One study provided a booklet-based intervention with a booster phone call (Travis & Lawrance, 2009) with three arms of the RCT study, and this study reported a 11.4% self-reported 7-day abstinence rate at 3-month follow-up, compared to the usual care group or other booklet-based program, which was statistically significant. One pharmacological intervention reported a 7-day abstinence rate with a nicotine patch of 19.6%, which was significantly higher than the Varenicline (15.7% or placebo 9.8%) groups (Tuisku et al., 2016).

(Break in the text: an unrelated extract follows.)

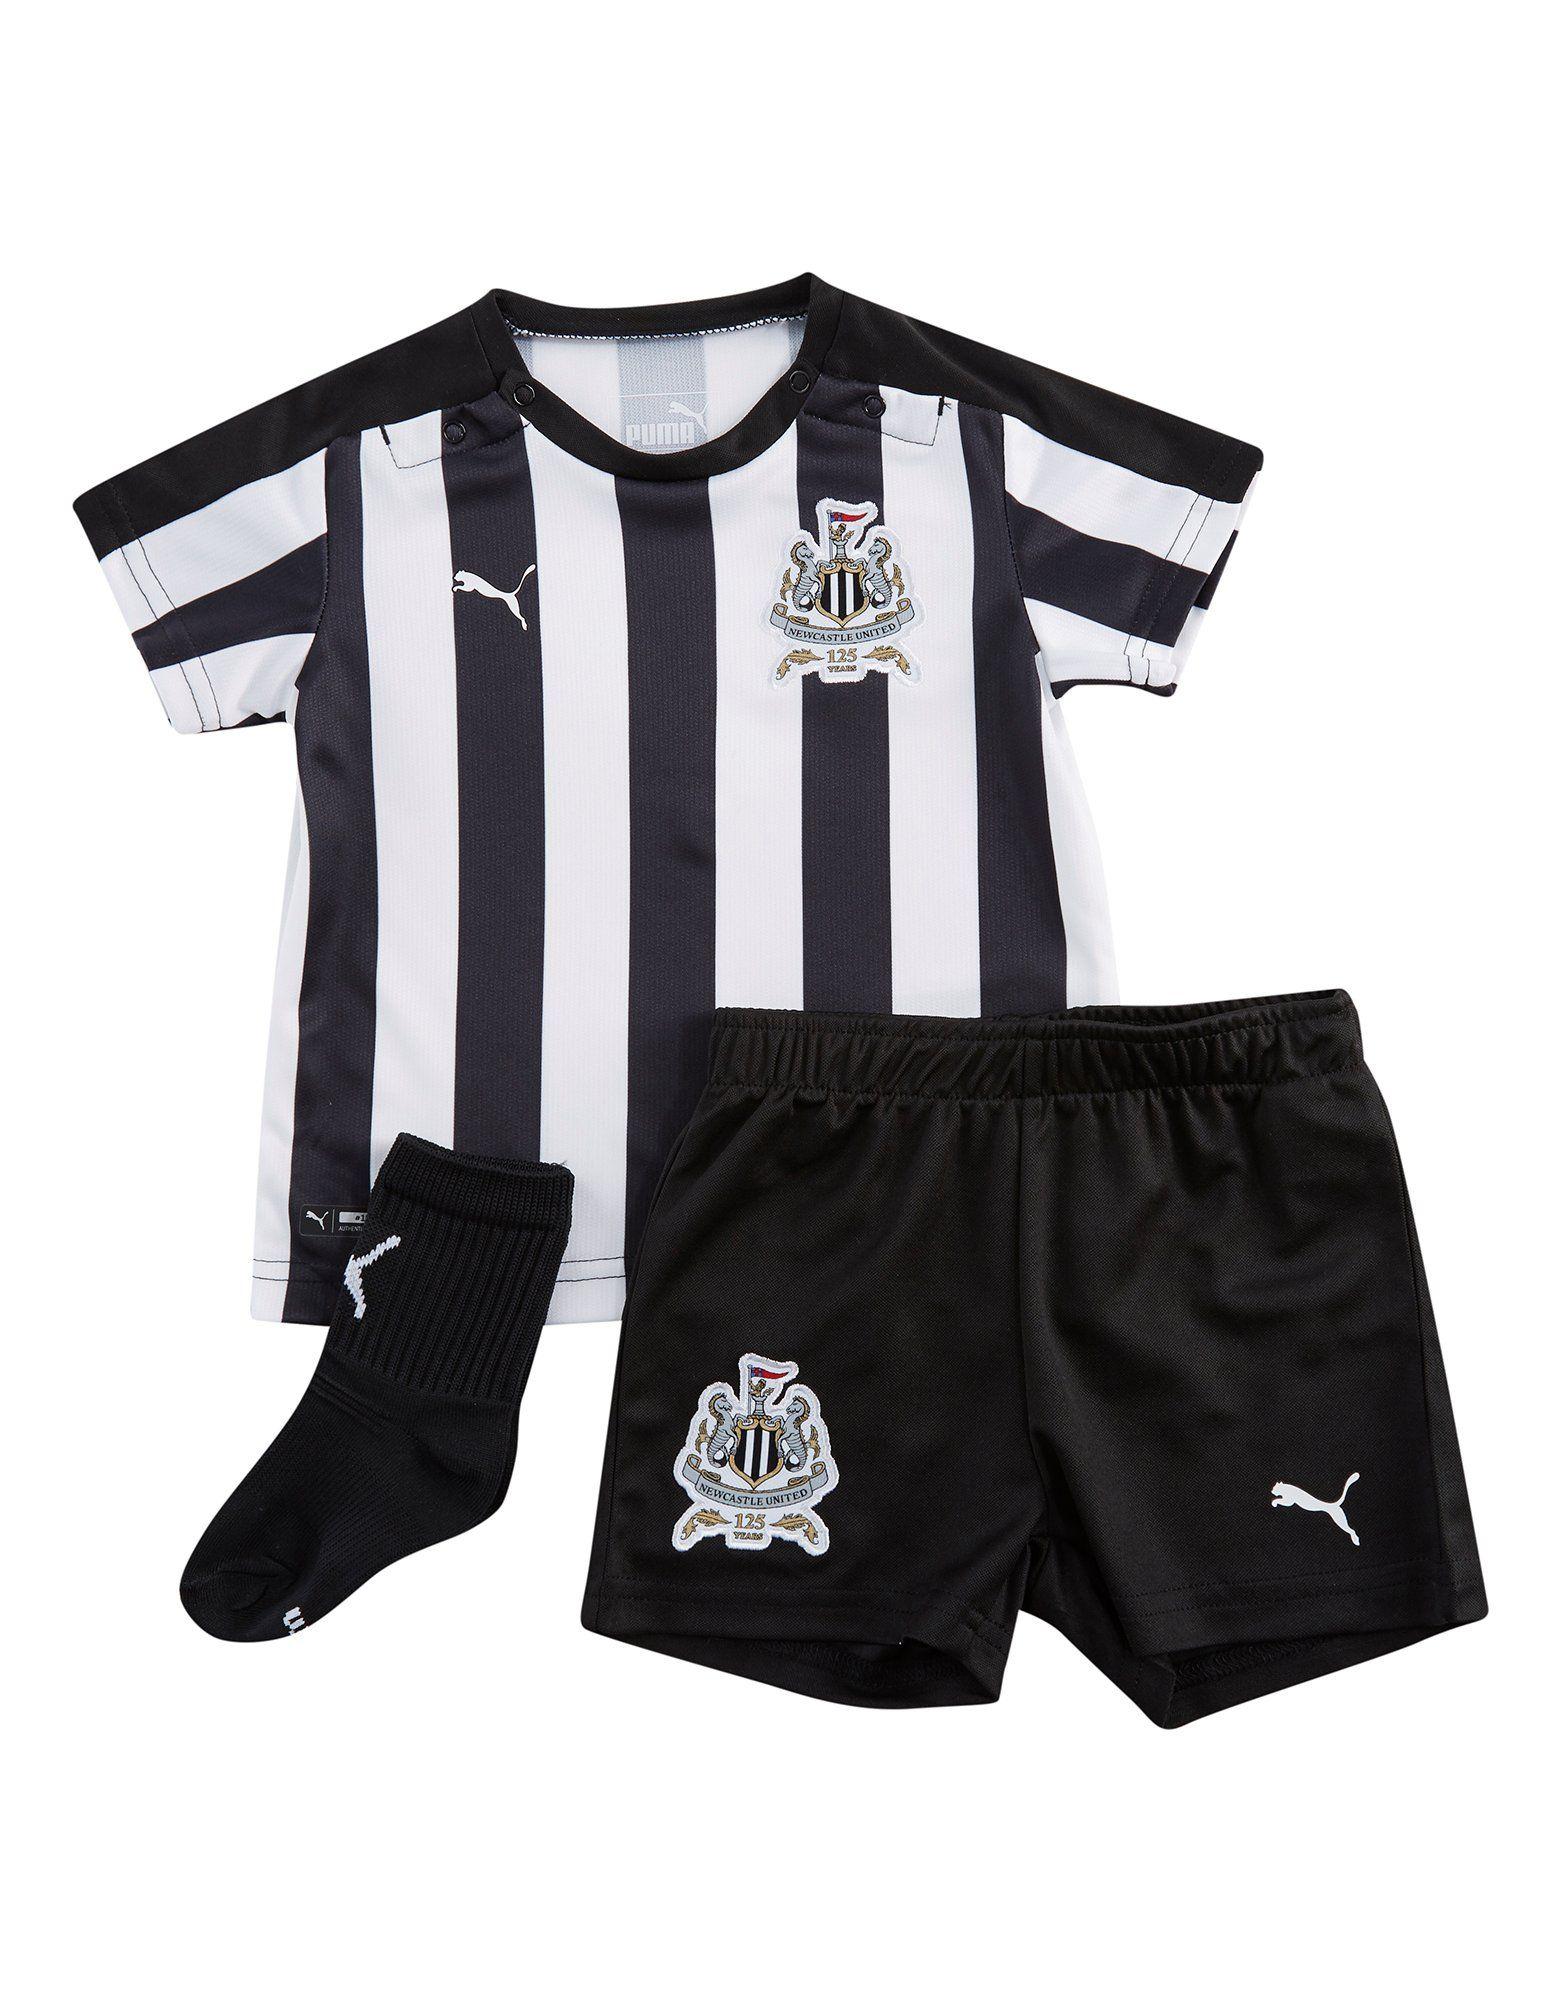 PUMA Newcastle United 2017/18 Home Kit Infant

3.3.2 Quit Attempts and Other Outcomes
In addition to the overall quit rates, other self-reported outcomes (i.e., quit attempts, readiness to quit, and stage of change) were used to evaluate the effects of smoking-cessation interventions (Harris et al., 2010; Haug et al., 2013; Ramo et al., 2018). For example, American college students who received up to four one-on-one MI sessions for smoking cessation reported significantly greater quit attempts at the end of treatment (Odds Ratio = 1.75, 95% CI [1.11, 2.74], p = 0.02) and 6-month follow-up (Odds Ratio = 1.66, 95% CI [1.11, 2.47], p = 0.01) than college students who received MI for fruits and vegetables (Harris et al., 2010). However, such an increase was not seen in the web- or text message–based interventions. For example, the Tobacco Status Project (TSP) Facebook smoking-cessation intervention did not increase quit attempts (Odds Ratio = 0.94, 95% CI [0.22–3.73], p = 0.929) or the readiness to quit smoking (Odds Ratio = 0.927, 95% CI [0.089–9.68], p = 0.947) over a period of 12 months among young adults in the United States (Ramo et al., 2018). In Switzerland, there were no differences in quit attempts (Odds Ratio = 1.18, 95% CI [0.81–1.72], p = 0.38) and stage of change (p = 0.69), whether vocational school students were daily smokers and had received a weekly SMS text-message intervention or not (Haug et al., 2013).